A field theory approach for the nonequilibrium relaxation dynamics in open systems at late times is developed. In the absence of conservation laws, all excitations are subject to dissipation. Nevertheless, ordered stationary states satisfy Goldstone's theorem. It implies a vanishing damping rate at small momenta, which in turn allows for competition between environment-induced dissipation and thermalization due to collisions. We derive the dynamic theory in the symmetry-broken phase of an $O(N)$-symmetric field theory based on an expansion of the two-particle irreducible (2PI) effective action to next-to-leading order in $1/N$ and highlight the analogies and differences to the corresponding theory for closed systems.

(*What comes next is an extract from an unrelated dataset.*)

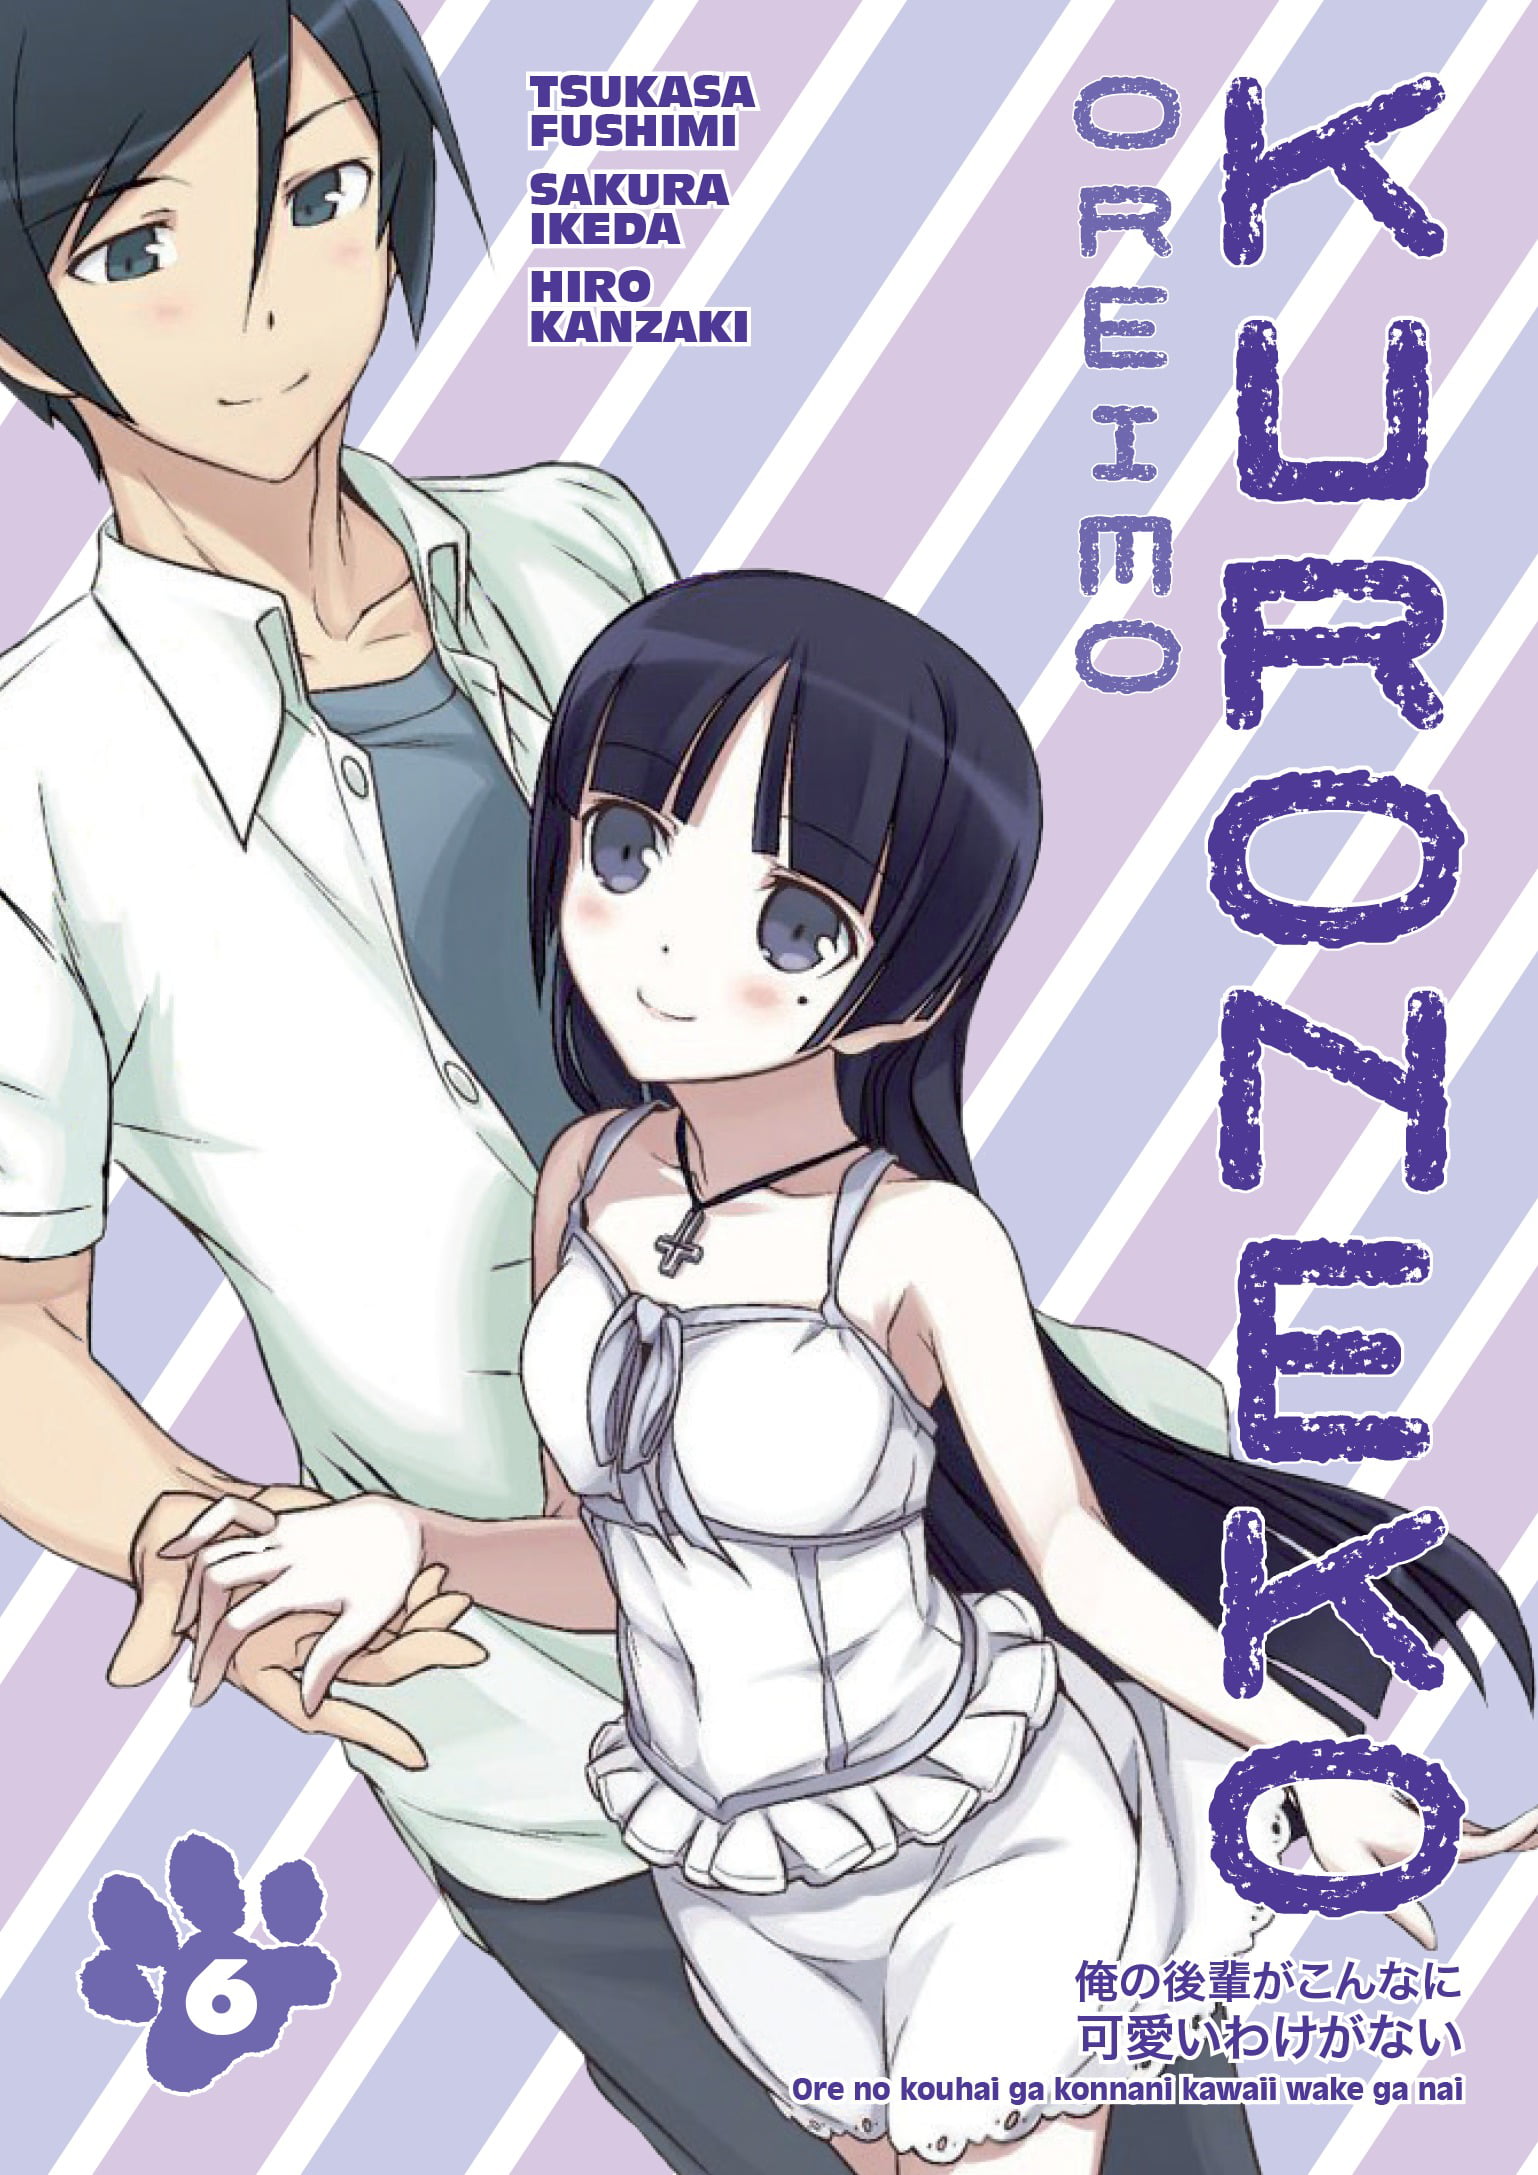 Light Novel Volume 6  Anime, Anime images, Romantic anime

A central result of this approach is the systematic derivation of an \emph{open-system Boltzmann equation}, which takes a very different form from its closed-system counterpart due to the absence of well-defined quasiparticles. As a consequence of the general structure of its derivation, it applies to open, gapless field theories that satisfy certain testable conditions, which we identify here. Specifically for the $O(N)$ model, we use scaling analysis and numerical simulations to show that interactions are screened efficiently at small momenta and, therefore, the late-time evolution is effectively collisionless. This implies that fluctuations induced by a quench dissipate into the environment before they thermalize. Goldstone's theorem also constrains the dynamics far from equilibrium, which is used to show that the order parameter equilibrates more quickly for quenches preserving the $O(N)$ symmetry than those breaking it explicitly.